A blend fund is a mix both value and growth stocks. Bankrate explains.

What is a blend fund?

A blend fund is a fund comprising portfolios that bring together both growth and value stocks. Blend funds are diversified, meaning that their assets not only grow at different rates but also protect the investor from losing too much of her investor all at once. However, blend fund assets are typically only allocated in stocks.

Deeper definition

Growth stocks are those that grow at a higher rate than similar stocks in the same market. Value stocks, on the other hand, are expected to appreciate greatly in the future, meaning that they’re undervalued now. A blend fund combines both in the same fund.

Blend funds are generally high-risk instruments. That’s because, while the fund’s assets are spread over several types of stocks, the fund’s assets are largely in the same asset class.

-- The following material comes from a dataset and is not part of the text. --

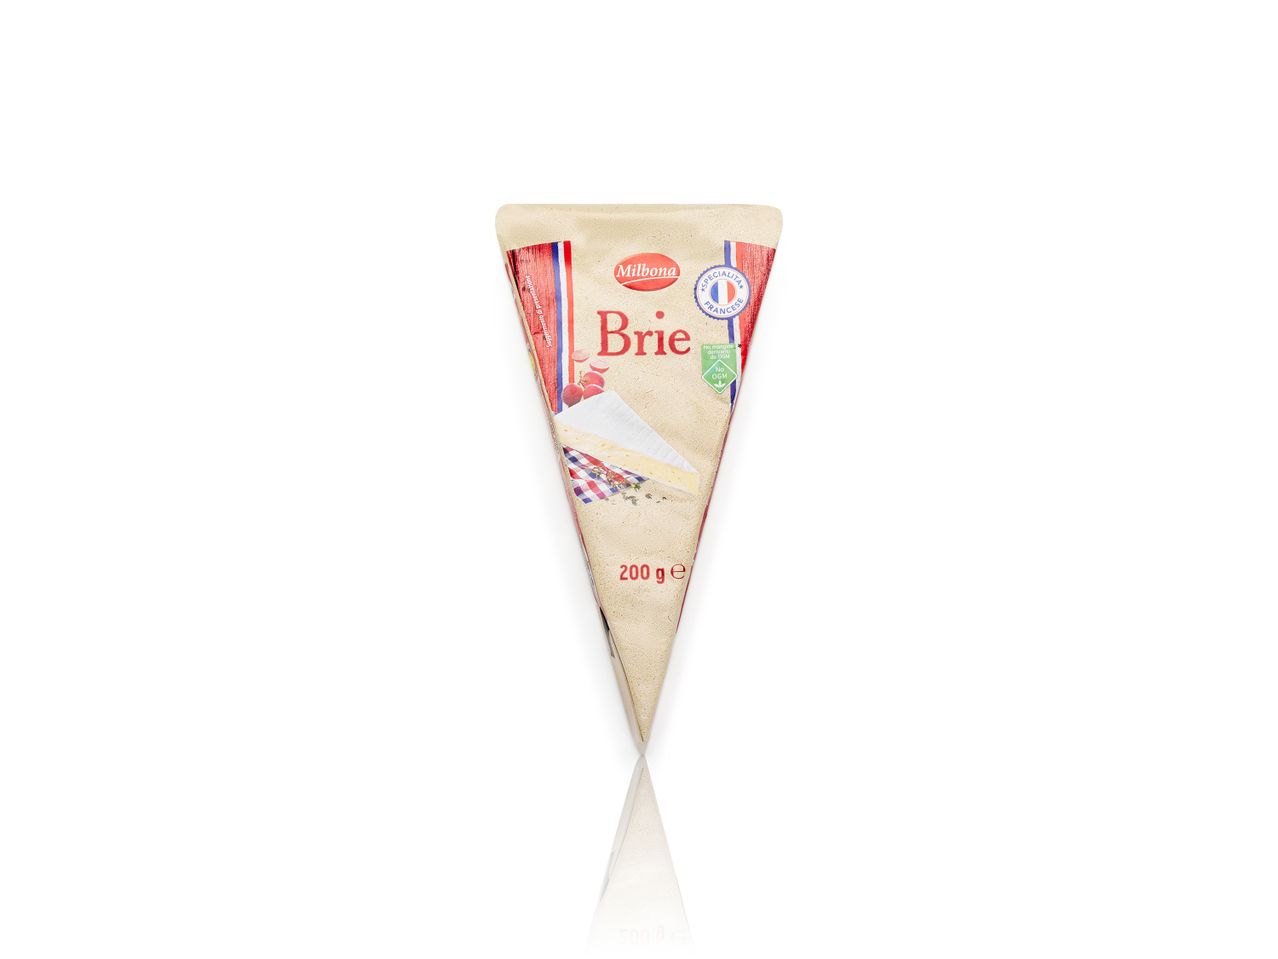 Go to full screen view: French Brie - Image 1

Blend funds are most valuable when the returns from their growth stocks buttress those anticipated from the value stocks. That means they take longer to prove valuable relative to other types of funds, especially when stocks in general are underperforming. Blends are thus a form of passive investment.

Not ready to invest in a blend fund? Deposit your money in a low-risk savings account instead.

Blend fund example

Some of the largest index funds are blend funds, such as many funds tied to the S&P 500 and virtually all Vanguard exchange-traded funds (ETFs). Alex wants to try investing, but doesn’t know much about most asset classes except stocks. Because blend funds are entirely composed of stocks, he goes for the Vanguard S&P 500 ETF, which also has an attractively low expense ratio. He invests $5,000 and now he just has to sit back and watch his investment slowly increase.